“Foreign agent” charges against Russian harm reduction NGO dropped, but HIV organizations still a target

September 13, 2016

A Moscow court recently dismissed the charges against Russian harm reduction NGO Andrey Rylkov Foundation (ARF) for failing to register as a “foreign agent.” While this is no doubt a victory for ARF, the charges were dropped on procedural grounds, which unfortunately does not prevent similar charges being brought against other HIV organizations or indeed ARF itself in the future.

Since 2012, non-governmental organizations in Russia that receive funding from abroad and engage in “political activity” have been required to register as “foreign agents,” making them an easy target for scrutiny and harassment by the state. The designation also significantly limits both their ability to cooperate with state bodies and their eligibility for state funding within Russia. Though “political activity” has encompassed human rights work since 2013, until now HIV service organizations were considered immune as their activities were considered to be in the domain of health care, prevention and protection. But between February and July 2016, it appears this immunity was lifted, and now any HIV-service organization that demands government accountability is engaged in “political activity.”
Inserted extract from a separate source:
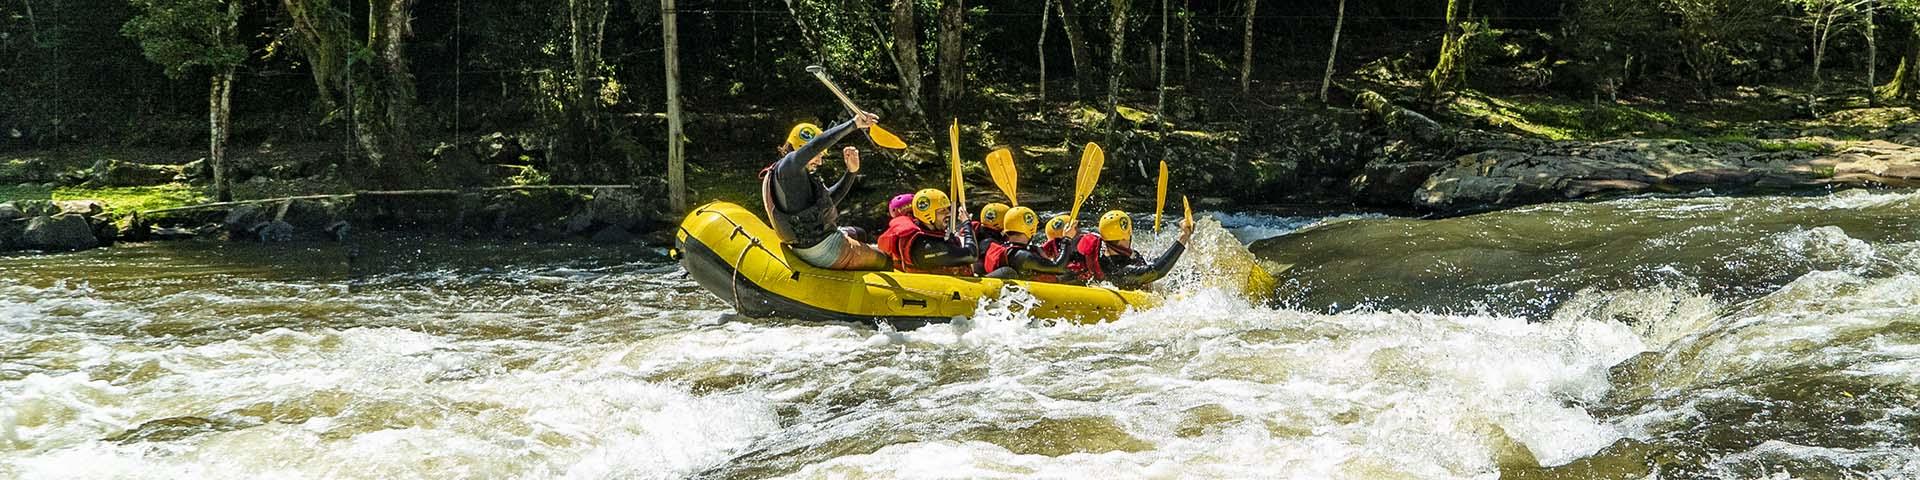 Raft-Adventure-Park-Rafting-Bonitour-Passeios-serra-gaucha-sc-2073906_4900.jpg

On June 29, 2016, the Ministry of Justice added ARF to its list of “foreign agents,” providing the following examples of ARF’s “political activity”:

  1. Picketing outside the headquarters of the Federal Drug Control Service, holding signs that read “Support, Don’t Punish” and asking for legislative amendments that would legalize opioid substitution therapy (OST)
  2. Writing, rather than merely publishing on its website, an article about the Eurasian Network of People who Use Drugs and publishing its letter to Russian Prime Minister Dmitry Medvedev
  3. An interview with ARF President Anya Sarang with the headline “All the initiatives by the Federal Drug Control Service on drug addiction treatment is populism”

The Constitutional Court in 2014 ruled that the restrictions resulting from “foreign agent” status do not violate the right of freedom of association, and NGOs with this designation should be able to continue operating. However, in practice, such a designation results in obtrusive inspections and onerous reporting requirements for the NGO, and negatively affects its interaction with authorities. Often, harsh fines exceeding a Russian citizen’s average annual income are levied for failing to submit necessary activity reports or an application for voluntary inclusion in the foreign agent registry, or for disseminating materials without the stigmatizing disclaimer “the materials published and/or disseminated by a non-profit organization performing the functions of a foreign agent.” The crushing penalties have left few options for NGOs that receive foreign funding, with some choosing to dissolve.

Most professional HIV service provider NGOs in Russia, similar to ARF, receive or have received foreign funding in the past. In fact, technical and financial support from abroad has been one of the main factors enabling these NGOs to become truly effective and efficient in offering the few evidence-based HIV prevention services available for key populations in Russia. This new drive to add HIV service NGOs to the list of “foreign agents” seems to be an attempt to exclude NGOs with a history of foreign support — considered more independent and less loyal to the authorities — from the roster of potential recipients of state funding (which Russian authorities have stated they will increase for HIV service NGOs). NGOs receiving foreign funding that plan to continue operating need to be prepared now that HIV service organizations will be recognized as foreign agents: they should consider transferring their most controversial activities to a newly created organization (probably outside of Russia), as well as allocate some funds for increased administrative costs and paying hefty fines, which experience has shown soon follow.

Amidst the confusion, one thing for certain is that the situation in Russia is constantly changing. A locally-based response and the flexibility of all partners (including donors) will ensure that the struggle to adopt evidence-based HIV prevention, treatment, care and support based on the respect and promotion of human rights will continue.